Harry Lowe

Personal information
- Full name: Horace Lowe
- Date of birth: 10 August 1886
- Place of birth: Northwich, England
- Date of death: 1966 (aged 79–80)
- Height: 5 ft 9 in (1.75 m)
- Position: Centre half

Senior career*
- Years: Team / Apps / (Gls)
- Northwich Victoria
- 1913–1914: Brighton & Hove Albion / 2 / (1)
- 1914–1926: Tottenham Hotspur / 65 / (0)
- 1927: Fulham / 3 / (0)
- Beckenham Town
- 1934–1935: Real Sociedad / 1 / (0)

Managerial career
- 1930–1935: Real Sociedad
- 1935: Espanyol

= Harry Lowe (footballer, born August 1886) =

English footballer (1886–1966)

Horace Lowe (10 August 1886 – 1966), commonly known as Harry Lowe, was an English footballer who played for Northwich Victoria, Brighton & Hove Albion, Tottenham Hotspur, Fulham and Beckenham. He is best-known for being the oldest player in the history of La Liga, which he achieved in 1935, at the age of 48.

== Playing career ==
Lowe began his career at Northwich Victoria before joining Brighton & Hove Albion. In 1914 the centre half signed for Tottenham Hotspur. He played a total of 72 matches in all competitions between 1914 and 1926 for the Spurs. He later played for Fulham and finally Beckenham Town.

== Coaching career ==
As a coach, Lowe managed the Spanish side Real Sociedad between 1930 and 1935, and Espanyol in 1935. Lowe arrived in San Sebastián at the end of 1930 to coach Real Sociedad, replacing coach Benito Díaz, who had had to emigrate to France; in the summer of 1931, when the Second Spanish Republic was established, this club was forced to change its name to Donostia Club de Futbol. He brought to Sociedad the most advanced English tactics, and as a result, they finished in third place in the 1930–31 La Liga.

On 4 February 1934, Lowe decided to field the 15-year-old Pedro Irastorza in a La Liga match against FC Barcelona at the Camp de Les Corts, and while Sociedad lost 4–0, Irastorza went down in history as the first-ever under 16 player to feature in the Spanish top-flight.

On 24 March 1935, Sociedad, who was in penultimate place in the standings, traveled to Valencia for its away match against Valencia CF at the Mestalla Stadium, but they did not bring any substitutes to the away game for financial reasons, because in order to reduce expenses, it was common at the time for modest clubs to bring only the eleven players who were going to play.

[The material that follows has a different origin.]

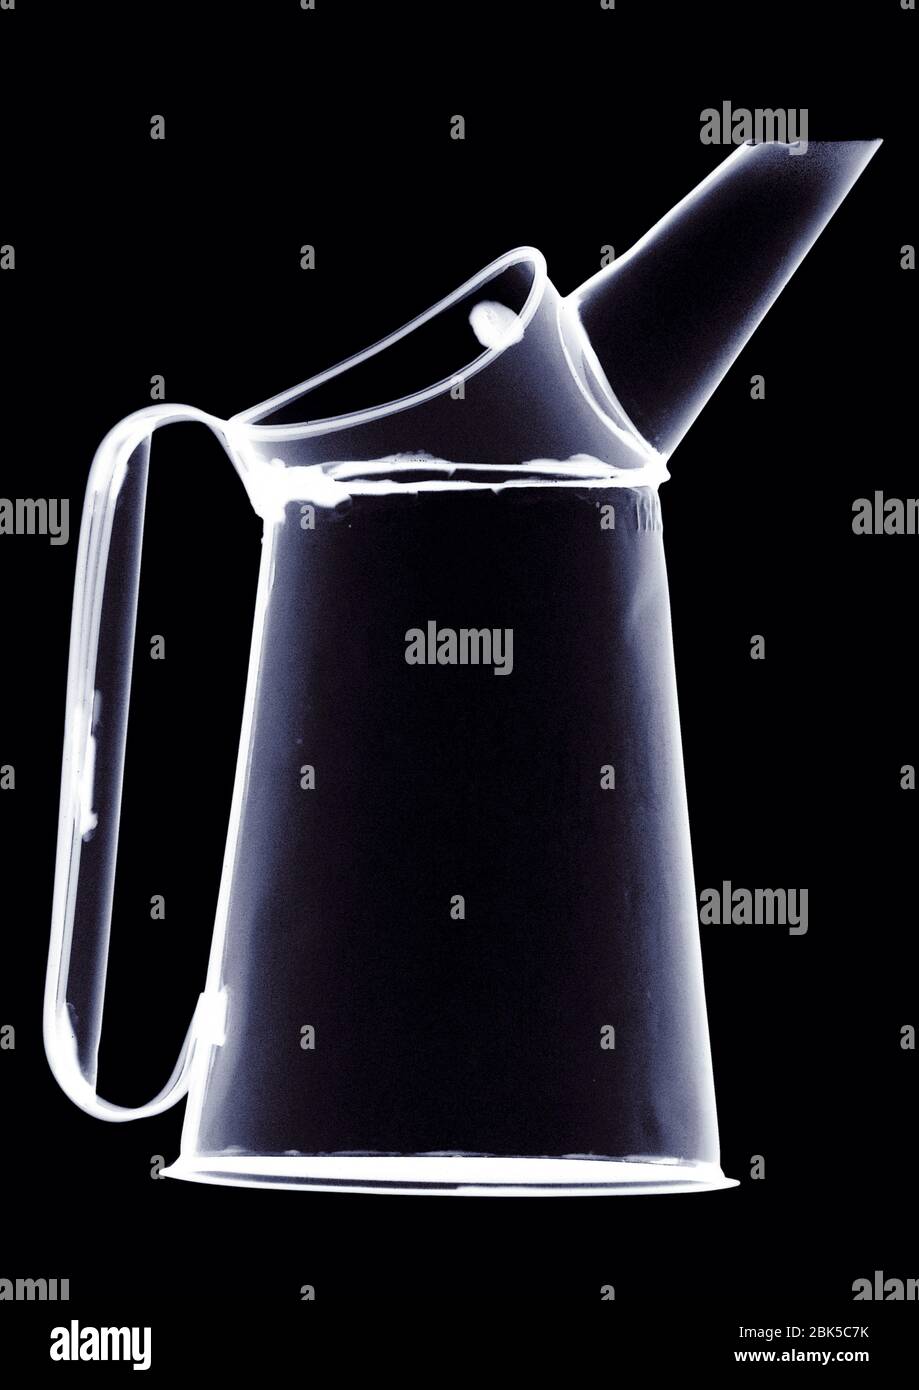 Container with spout, X-ray. Stock Photo

During that trip, however, one of his 11 players got sick and fell ill just before the kick-off, so Lowe had to decide whether to play with 10 at Mestalla or put on his own boots, and he decided to take responsibility.

Lowe thus made his competitive debut in Spanish football that day, which was also the last match that he ever played, and in doing so at the age of 48 years and 226 days, he became by far the oldest player to play a match in the Spanish top division, a record that he still holds by a large margin, since the next closest are Joaquín and Diego López in 2023, and Ricardo in 2013, aged 41. Notably, he made an assist for the only goal of the Basque side, which lost 7–1. Furthermore, the 48-year-old Lowe played alongside the 16-year-old Pedro Irastorza; the age difference between them was 31 years and 255 days, which remains the biggest age difference between partners in La Liga's history. Sociedad went on to experience its first-ever relegation in history at the end of that season, after which Lowe left.

He then became coach of RCD Espanyol, where he arrived accompanied by two English footballers, Cipson and Green. Lowe had not yet finished the season when he left for England for private matters, being replaced by Patricio Caicedo.